If Coronavirus is Declared a Pandemic, What Do You Need to Know?
February 27, 2020
Currently, the Coronavirus is slowing down in China but is seeing increasingly greater spreading to other parts of the world. As of Monday, Chinese official figures released showed there had been 409 new cases of the Novel Coronavirus and 150 new deaths from the outbreak in China, bringing the total confirmed cases to 77,150, with a cumulative death toll of 2,592.
China’s leaders postponed the National People’s Congress because of the outbreak. WHO Chief Tedros Adhanom Ghebreyesus said the peak in China occurred between January 23rd to February 2nd, and the number of new cases there has been declining steadily since then. “This virus can be contained,” he told reporters in Geneva, praising China for helping to prevent an even bigger spread of the disease through unprecedented lockdowns and quarantines in or near the outbreak’s epicenter.
Outside of China, ten towns in Italy are on lockdown. 111 people have tested positive for the respiratory illness, with five deaths, making it Europe’s worst-hit country. Of those cases, 89 are in the region of Lombardy, 17 in Veneto, two in Emilia Romagna, one in Piemonte, and two in Rome. In Iran, there are now 64 cases, with 12 deaths reported connected to coronavirus, but the reporting is spotty. South Korea announced Monday that it now has 833 confirmed cases of Novel Coronavirus, seven of which have resulted in deaths. Afghanistan reported its first case. State media in Kuwait and Bahrain reported new cases as well.
In Michigan, 325 individuals are being monitored for the virus.
The World Health Organization (WHO) has not yet declared the virus a pandemic, but is close to doing so. Only WHO can declare a pandemic. A pandemic is the worldwide spread of a new disease. An influenza pandemic occurs when a new influenza virus emerges and spreads around the world, and most people do not have immunity. Viruses that have caused past pandemics typically originated from animal influenza viruses. For example, severe acute respiratory syndrome (SARS) is a viral respiratory illness caused by a Coronavirus, called SARS-associated Coronavirus (SARS-CoV) and was declared a pandemic in 2003.
Another pandemic was Middle East Respiratory Syndrome-related Coronavirus or MERS-CoV in 2012, which is a zoonotic virus, which means it is a virus that is transmitted between animals and people. Studies have shown that humans are infected through direct or indirect contact with infected dromedary camels. MERS-CoV has been identified in dromedaries in several countries in the Middle East, Africa, and South Asia.
HR should be up to date on helpful resources to assist employers protect their employees and plan for future outbreaks or spread of the illness including:
(CDC) About Coronavirus
(CDC) Travel Alerts
(OSHA) 2019 Novel Coronavirus
Finally, HR should be cognizant of HIPPA privacy rules, which may come into effect when an employee is possibly infected. First, the HIPAA Privacy Rule applies only to disclosures made by employees, volunteers, and other members of a covered entity’s or business associate’s workforce. Second. HIPPA only applies to personal health information (“PHI”)—i.e., individually identifiable health information that is maintained or transmitted by a covered entity.

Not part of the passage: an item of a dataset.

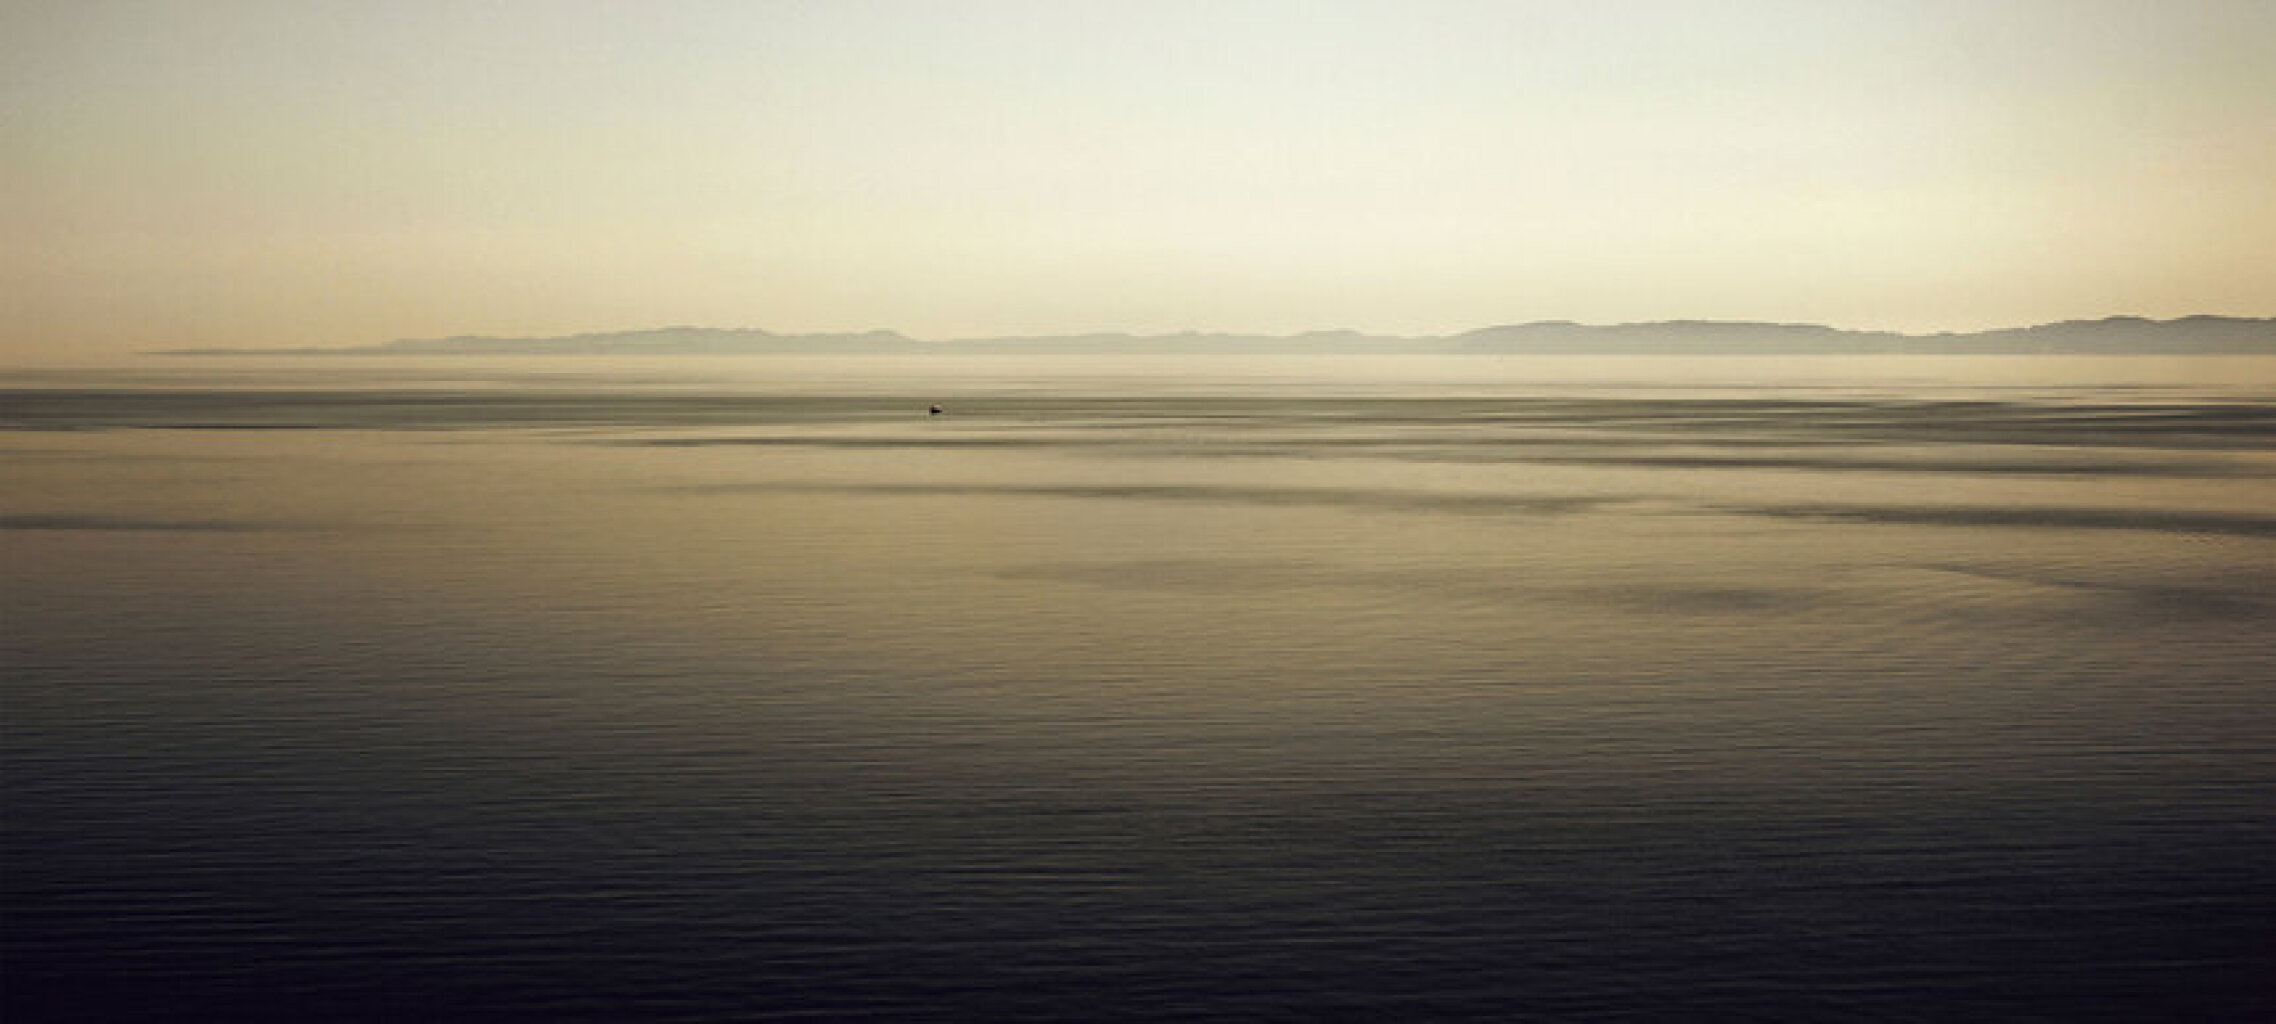 Quadro Mar Corfu 2 por Fabiano Scussel Oliveira -  CATEGORIAS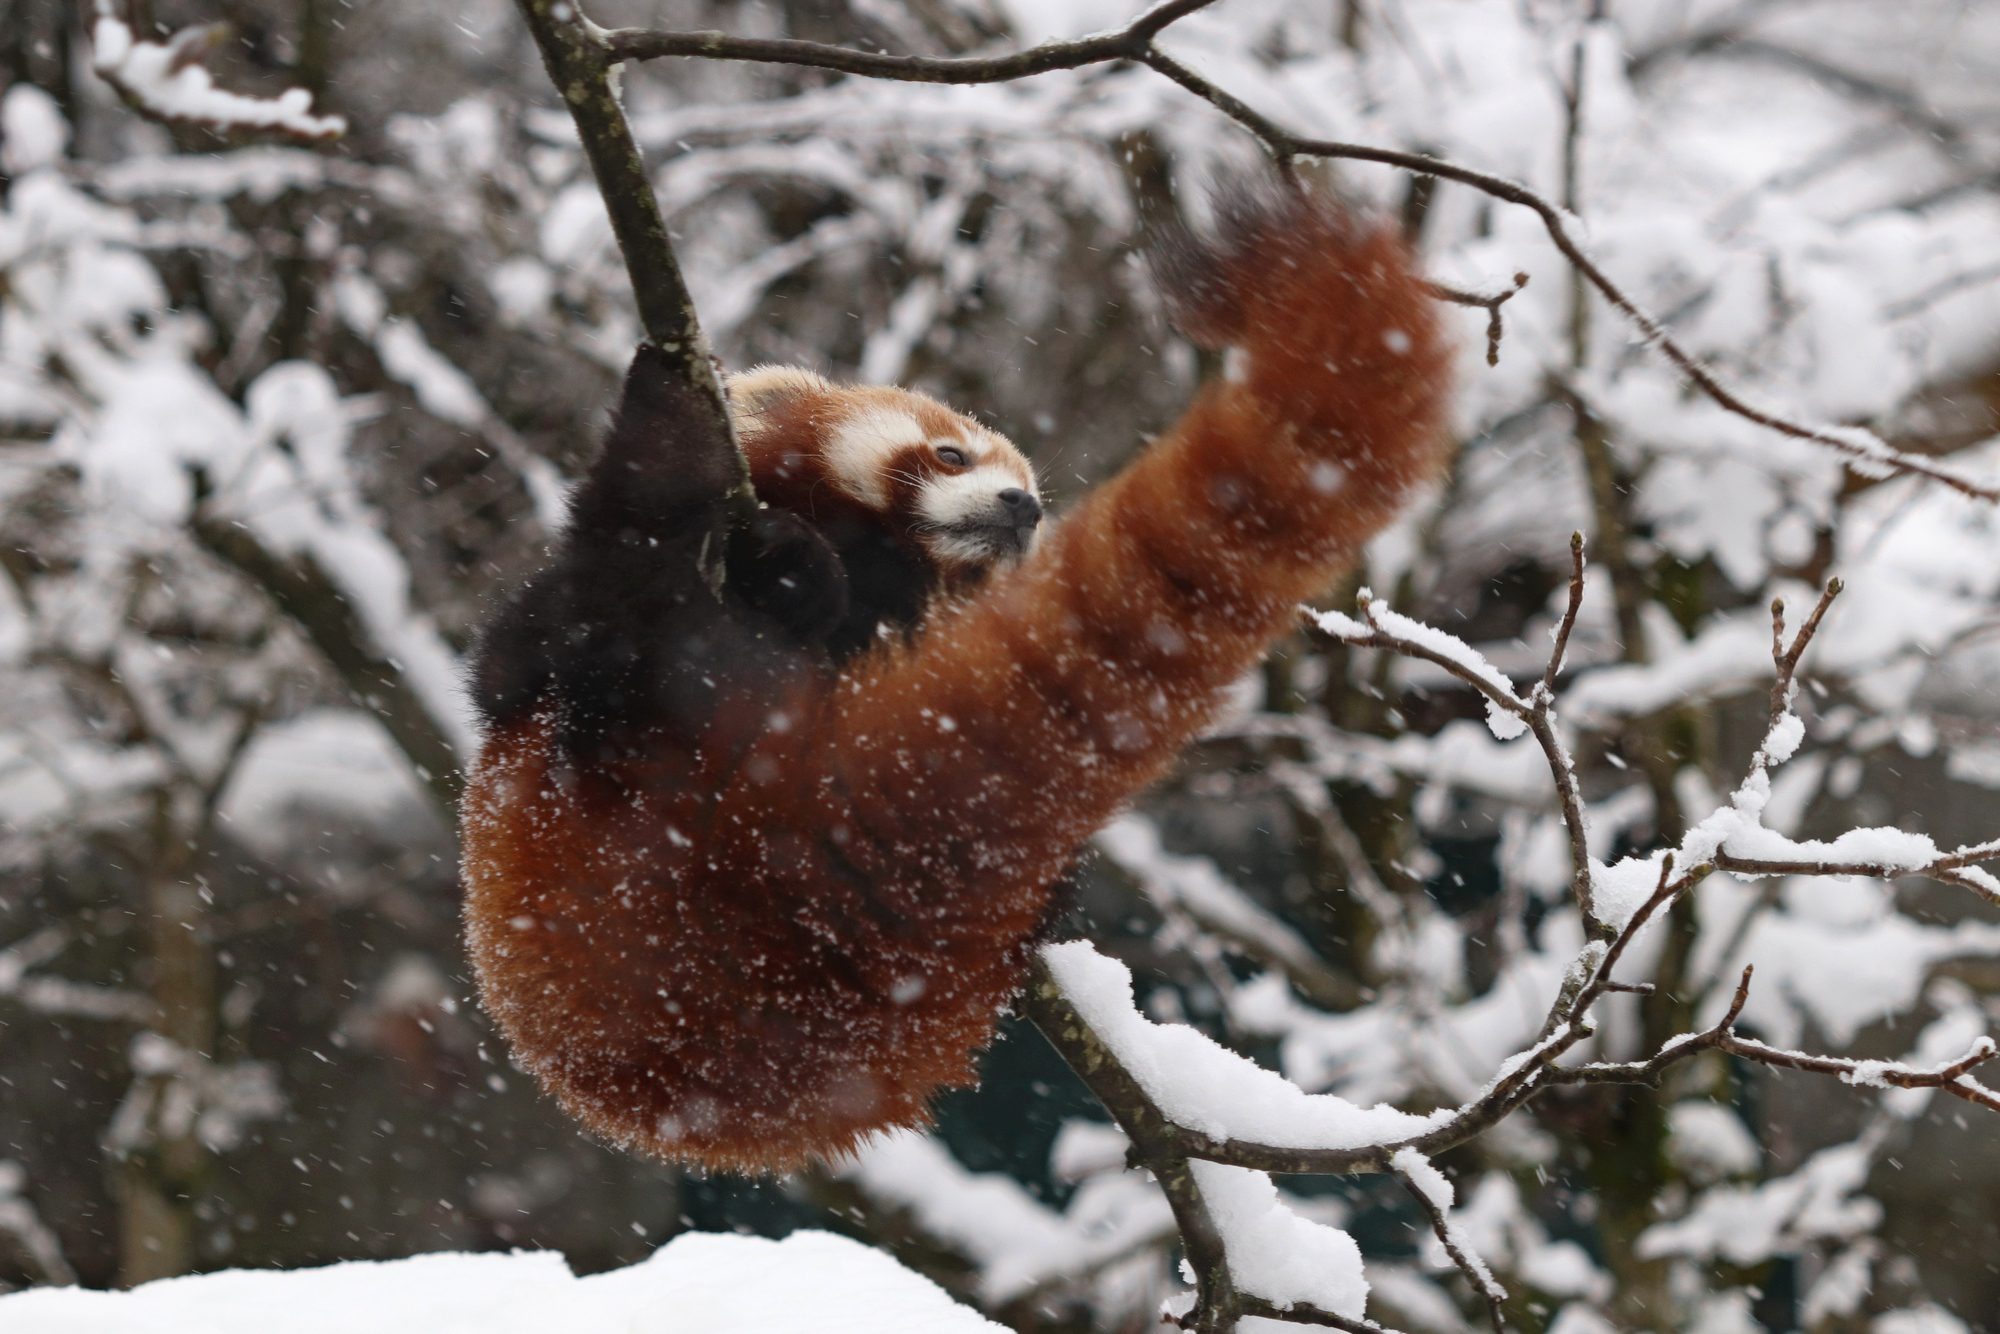 Roter Panda Shamina im Tierpark Hellabrunn

However, there is a HIPPA exception for employers regarding PHI when records are needed for the employer to carry out its obligations under the FMLA, ADA, and similar laws. It also includes files or records related to occupational injury, disability insurance eligibility, sick-leave requests, drug screenings, workplace medical surveillance, and fitness-for-duty tests of employees. Thus, an employer may disclose an employee’s health information to anyone in a position to prevent or lessen the serious and imminent threat, including family, friends, co-workers, caregivers, and law enforcement, without an employee’s permission. Yet HR needs to be careful walking the line, especially if the release of information could be detrimental to an employee and other employee’s relationship with that employee. If a pandemic occurs, it will be important to work with legal counsel to ensure that no other laws, state or federal, or anything otherwise could cause the employer liability.